Benefits, Employment Law, HR Policies & Procedures

New HIPAA Rules Proposed for Disclosure Accounting

A dreaded accounting-of-disclosure rule for electronic protected health information (ePHI) will require action by many employers, in their roles of health plan sponsors. (Employers are not technically “covered entities” under HIPAA privacy but, in effect, must comply if they’re involved in plan administration.) The rule came out in proposed form on May 31. It would expand accounting of disclosures by requiring covered entities to create access reports for electronic releases — including releases for treatment, payment and “health care operations” (TPO). Those reports would have to be available to patients and plan members on demand. (Much opposition to the rule will be based on the paucity of such demands.) Plan sponsors will have to let individuals know about their expanded rights in an updated HIPAA privacy notice. The silver lining is that plans will not have to rush: the reporting requirements won’t begin until Jan. 1, 2013, so the notices can be tucked in with all other modifications during normal plan renewal time, writes David Slaughter, editor of the Employer’s Guide to HIPAA Requirements. See below.
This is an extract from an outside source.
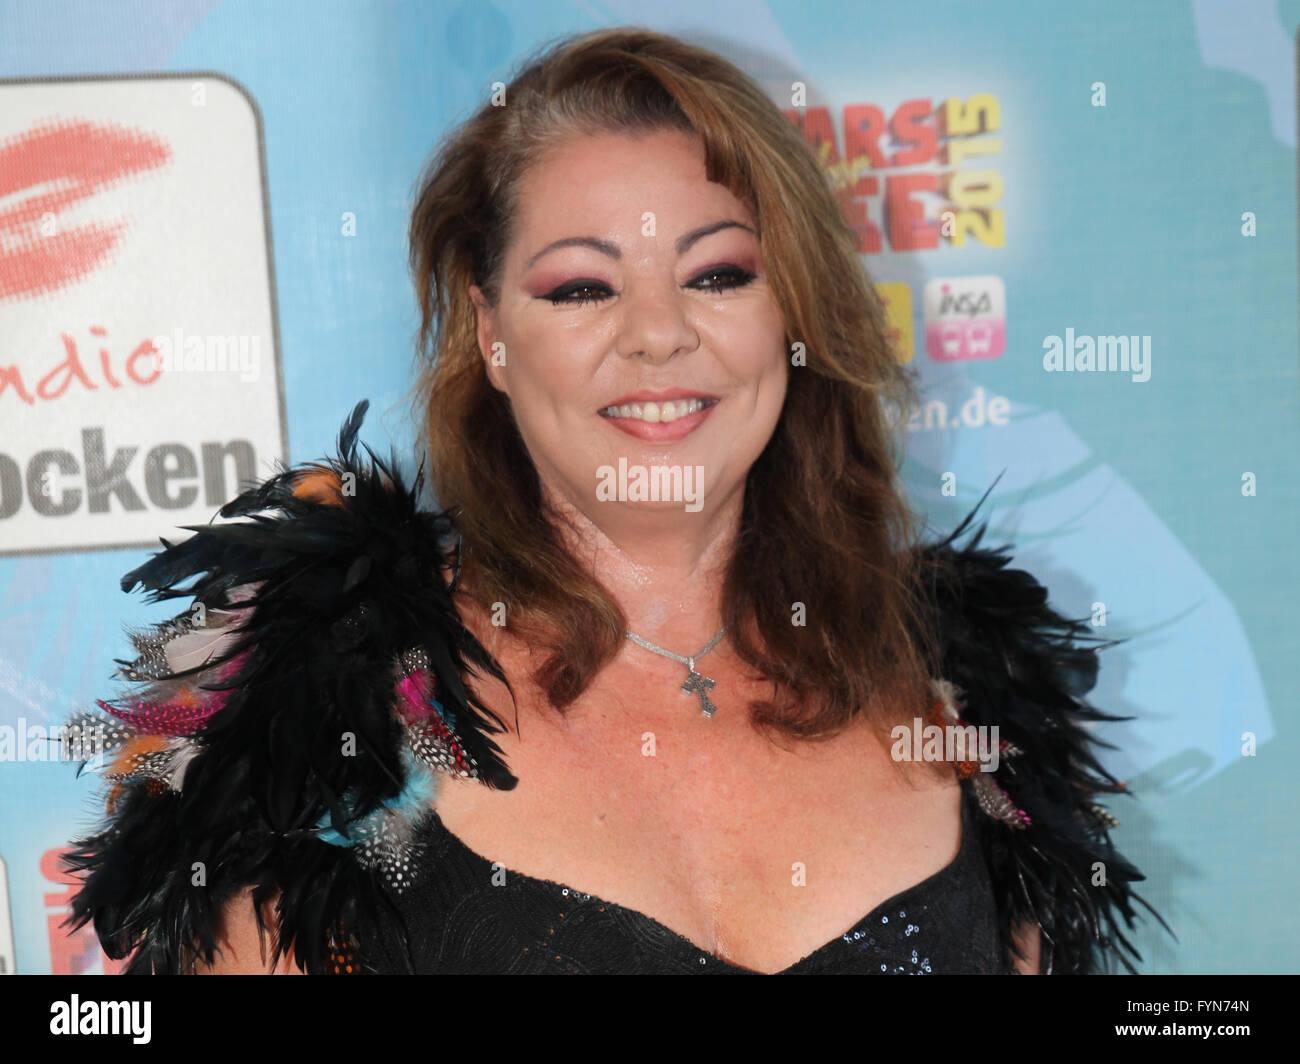 Sängerin Sandra

The changes were proposed this week by the Department of Health and Human Services. The proposal includes a new “access report” right that incorporates, and actually expands on, the accounting requirements added to HIPAA by the 2009 HITECH Act.

The existing right to an accounting of disclosures of one’s protected health information would remain in effect, with certain modifications. The two requirements “would be distinct but complementary,” according to HHS’ preamble to the proposed rules, which appeared in the May 31 Federal Register (76 Fed. Reg. 31426).
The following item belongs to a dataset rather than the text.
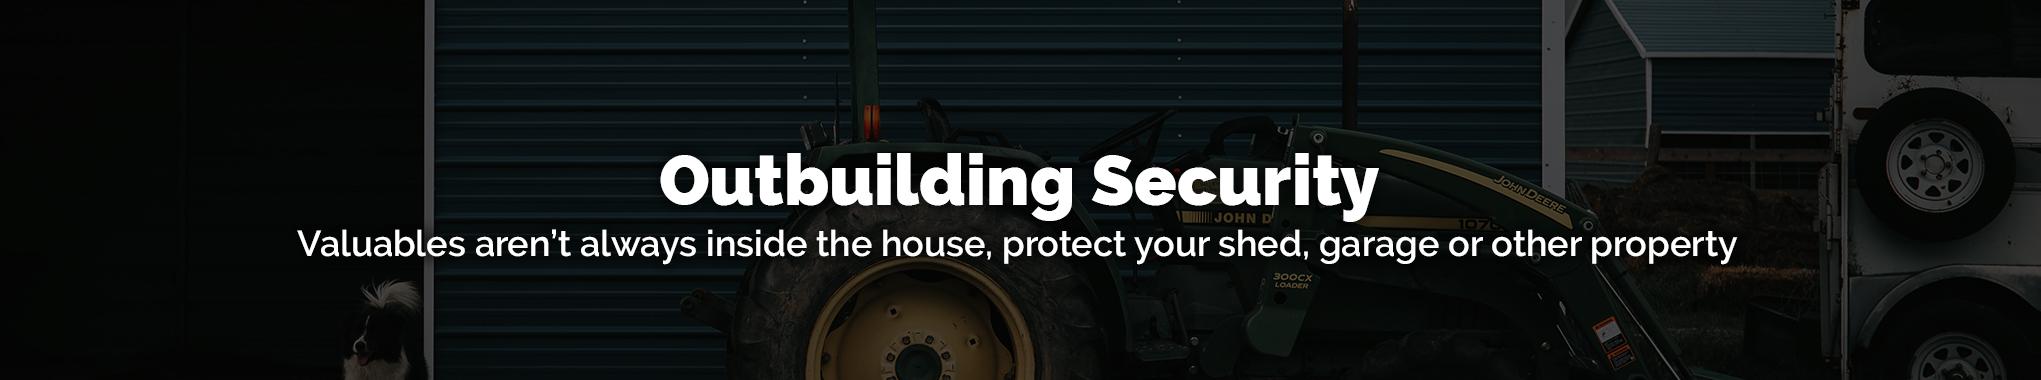 Outbuilding Security

HIPAA’s disclosure accounting requirement has been controversial in the past. Health care organizations have cited the administrative burden of tracking and retaining disclosures and the infrequency of actual requests for these reports.

Nonetheless, the HITECH Act actually expanded this requirement to cover disclosures for “treatment, payment and health care operations” (TPO), which were exempt under the prior HIPAA law, if such disclosures were made from an electronic health record. Congress’ assumption was that EHRs would make disclosures easier to track and compile.
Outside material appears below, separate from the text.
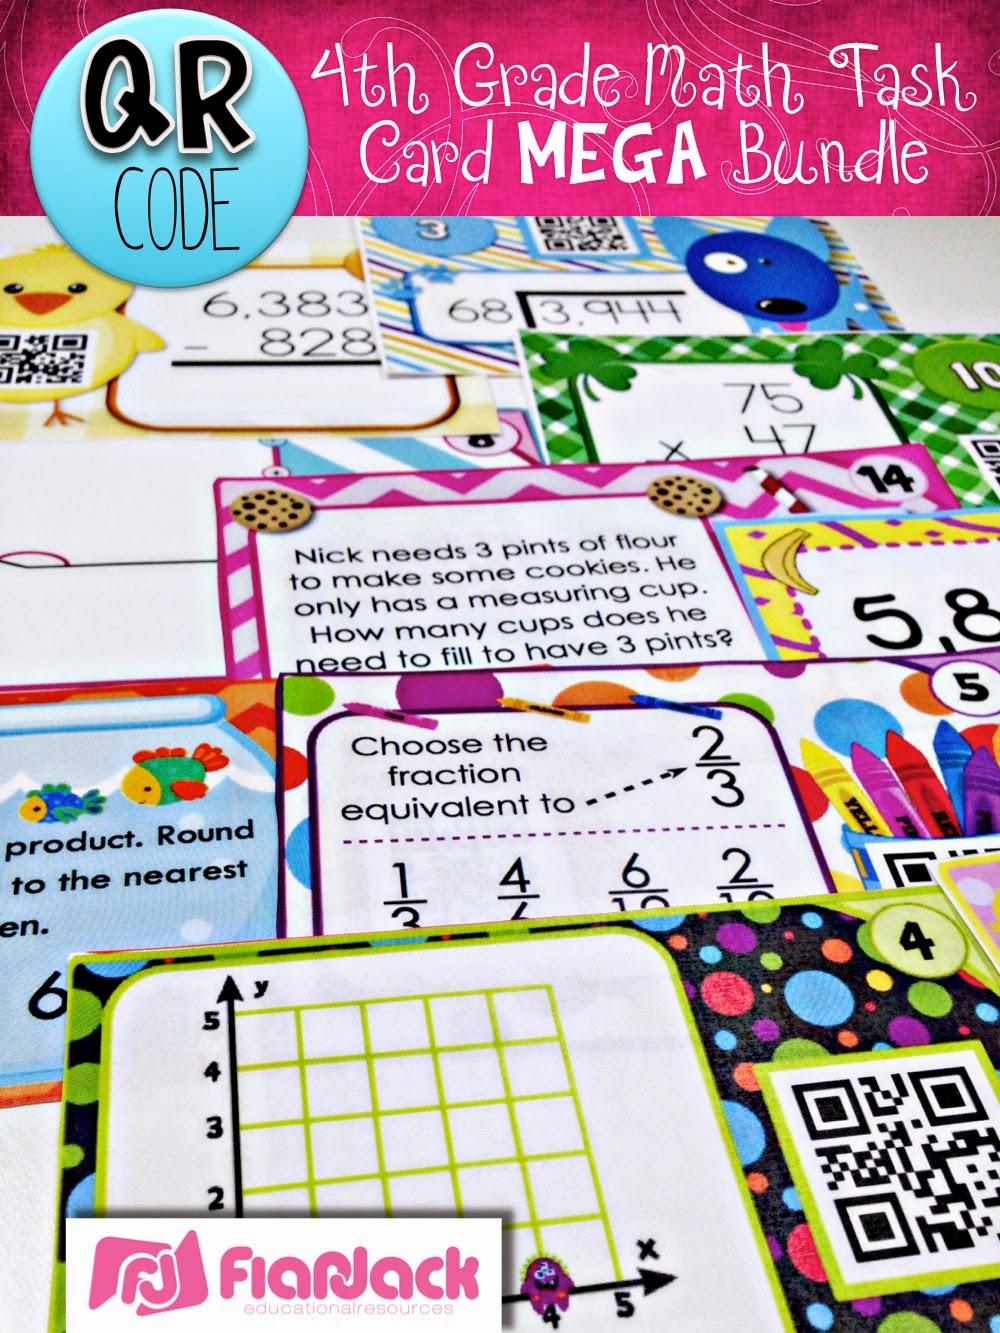 http://www.teacherspayteachers.com/Product/4th-Grade-Math-QR-Code-Task-Cards-MEGA-Bundle-1367254

HHS’ proposal actually goes farther than this HITECH provision in some respects, while making the existing accounting requirements less stringent in others. The agency envisions a two-tiered system of:

  • access reports, which include certain basic information on most instances of access to electronic PHI (internal or external); and
  • more traditional HIPAA accountings, which focus on certain types of disclosures likely to be of greatest interest to the individual, but include a more detailed description.

Of particular note to employers and health plans, HHS would extend the access report requirement to any electronic “designated record set” — a HIPAA term that includes plans’ enrollment and claims records — not just “electronic health records,” which arguably could be limited to health care provider systems.

HHS’ Office for Civil Rights is accepting comments on the proposed rules until Aug. 1.